Crate object_store

source
Expand description

§object_store

This crate provides a uniform API for interacting with object storage services and local files via the ObjectStore trait.

Using this crate, the same binary and code can run in multiple clouds and local test environments, via a simple runtime configuration change.

§Highlights

  1. A high-performance async API focused on providing a consistent interface mirroring that of object stores such as S3

  2. Production quality, leading this crate to be used in large scale production systems, such as crates.io and [InfluxDB IOx]

  3. Support for advanced functionality, including atomic, conditional reads and writes, vectored IO, bulk deletion, and more…

  4. Stable and predictable governance via the Apache Arrow project

  5. Small dependency footprint, depending on only a small number of common crates

Originally developed by InfluxData and subsequently donated to Apache Arrow.

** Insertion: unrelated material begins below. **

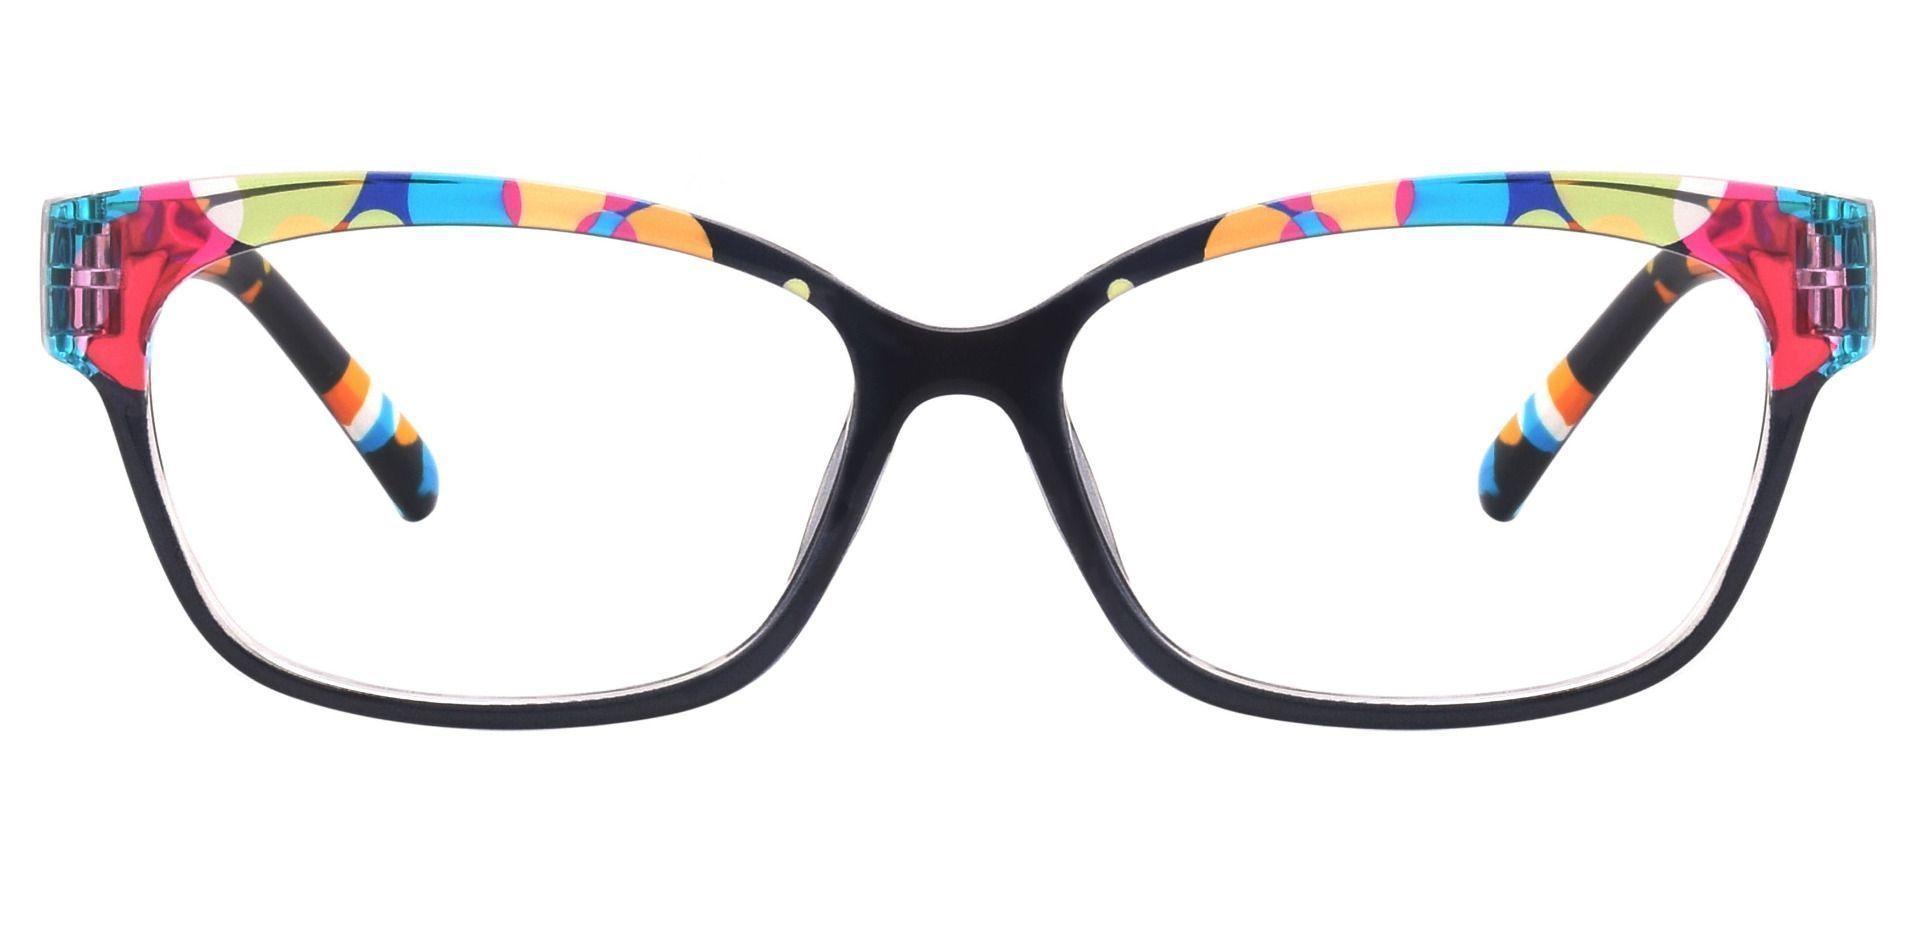 Adele Cat-Eye Prescription Glasses - Multi Color

§Available ObjectStore Implementations

By default, this crate provides the following implementations:

Feature flags are used to enable support for other implementations:

§Why not a Filesystem Interface?

The ObjectStore interface is designed to mirror the APIs of object stores and not filesystems, and thus has stateless APIs instead of cursor based interfaces such as Read or Seek available in filesystems.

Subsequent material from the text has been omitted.